Encountering RAS Uncorrectable Error in IOB and ACI

Hi…I’ve been getting this error on secure boot for the Orin NX Jetson board. The error was somewhat intentional since I actually packaged a corrupted image with a valid signature for the corrupted image with as an experiment to see what would happen during the secure boot. I was hoping that the boot WDT would save the day and switch to the other chain after 3 attempts to boot. That didn’t happen and I’m not sure it could have happened since the error message said the core was powered down. Here is the error message:

ERROR: Exception reason=1 syndrome=0x82000010

ERROR: **************************************

ERROR: RAS Uncorrectable Error in IOB, base=0xe010000:

ERROR: Status = 0xe4000612

ERROR: SERR = Error response from slave: 0x12

ERROR: IERR = CBB Interface Error: 0x6

ERROR: MISC0 = 0xc4524040

ERROR: MISC1 = 0x2f4c870000000000

ERROR: MISC2 = 0x0

ERROR: MISC3 = 0x0

ERROR: ADDR = 0x8000000000000200

ERROR: **************************************

ERROR: sdei_dispatch_event returned -1

ERROR: **************************************

ERROR: RAS Uncorrectable Error in ACI, base=0xe01a000:

ERROR: Status = 0xe8000904

ERROR: SERR = Assertion failure: 0x4

ERROR: IERR = FillWrite Error: 0x9

ERROR: Overflow (there may be more errors) - Uncorrectable

ERROR: ADDR = 0x8000000000000200

ERROR: **************************************

ERROR: sdei_dispatch_event returned -1

ERROR: Powering off core

Any ideas as to how an error of this type can be recovered from?

Thx!

Alin

*** Please note that this reply is generated by LLM automatically ***

The error message you’re seeing indicates that the Jetson Orin NX board has encountered an uncorrectable error during the secure boot process. This error is likely due to the corrupted image you intentionally packaged with a valid signature.

The error message suggests that the error occurred in the IOB (Input/Output Block) and ACI (Accelerated Chip Interface) components of the SoC. The specific error codes and addresses provided in the error message can help identify the root cause of the issue.

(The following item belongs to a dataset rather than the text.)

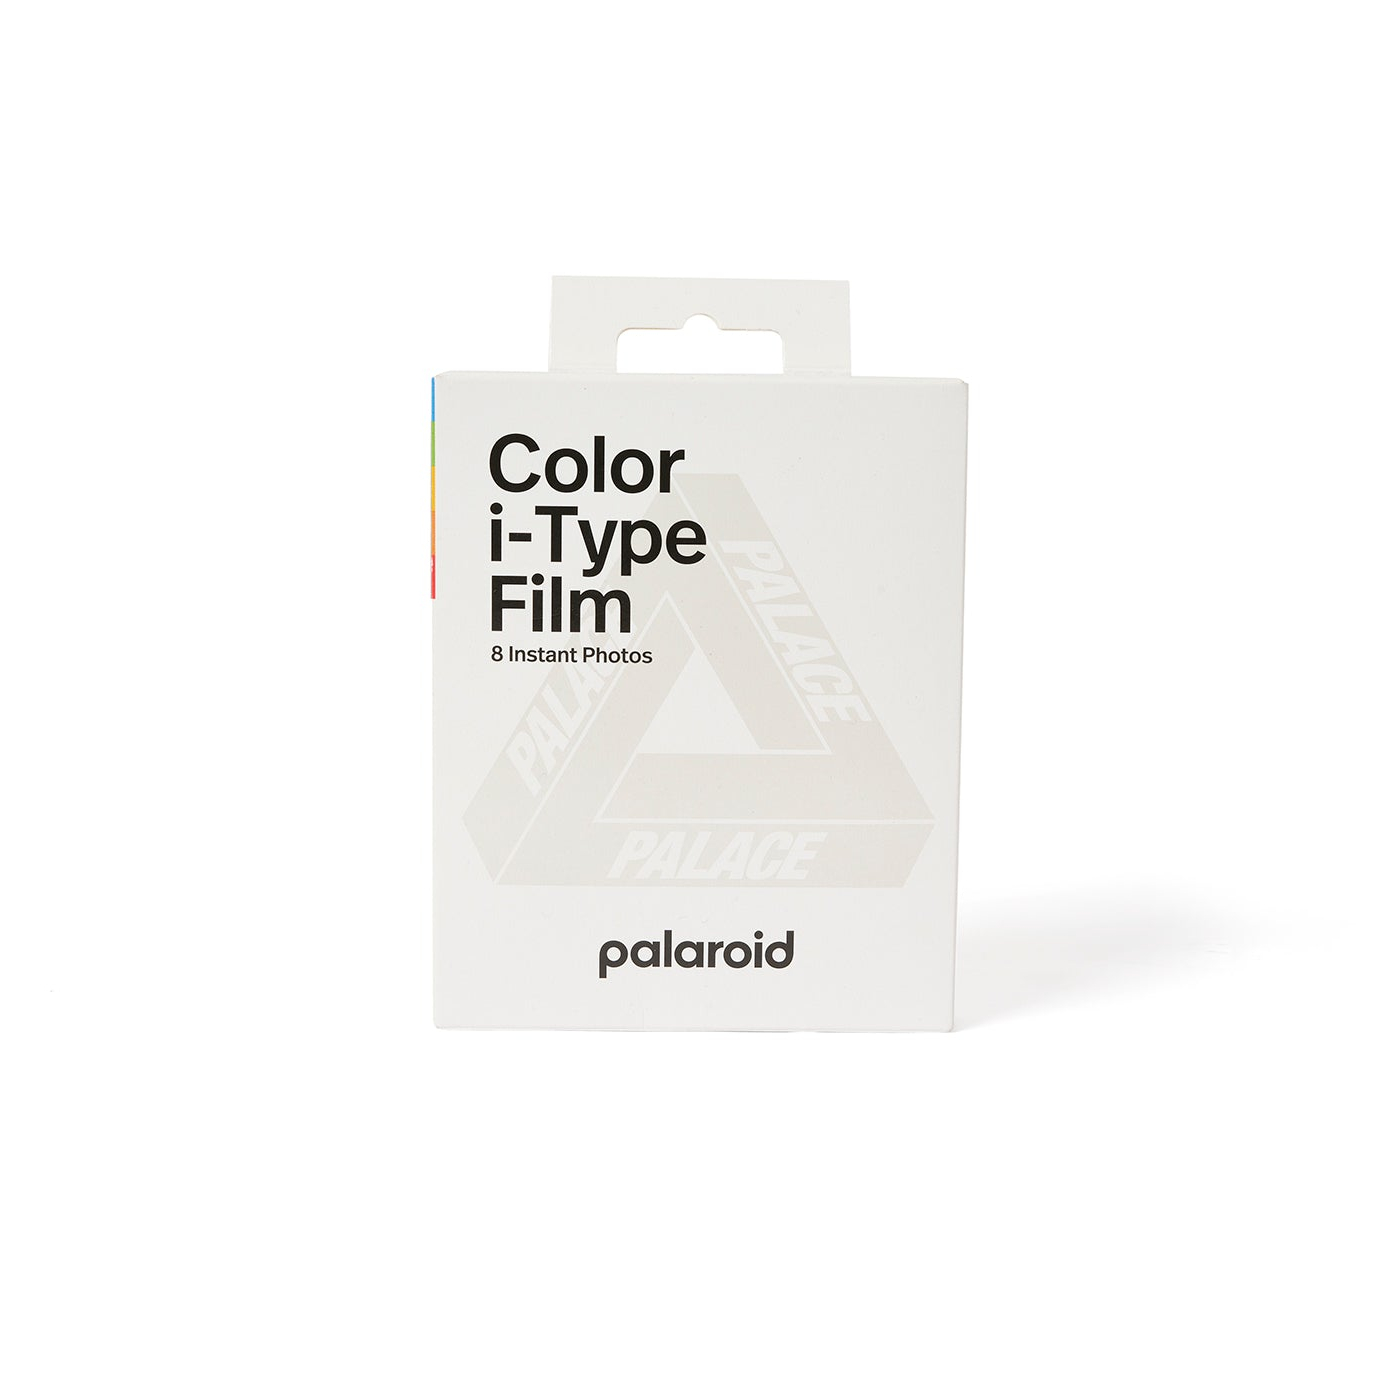 Thumbnail PALACE POLAROID COLOR I-TYPE FILM WHITE one color

In this case, the error is not recoverable, and the core is powered down to prevent further damage. The Boot Watchdog Timer (BWT) is not triggered in this scenario because the error occurs before the boot process can even start.

To recover from this type of error, you’ll need to reflash the board with a valid and non-corrupted image. You can use the flash.sh command with the -v option to specify the SBK key file, which is used to encrypt the Bootloader components.

Here are the general steps to recover from this error:

  1. Prepare a valid and non-corrupted image for the Jetson Orin NX board.
  2. Use the flash.sh command with the -v option to specify the SBK key file.
  3. Reflash the board with the new image.

Example command:

$ sudo ./flash.sh -v <sbk_key_file> <board> mmcblk0p1

Replace <sbk_key_file> with the path to your SBK key file, and <board> with the configuration of the target device (e.g., jetson-orin-nano-devkit).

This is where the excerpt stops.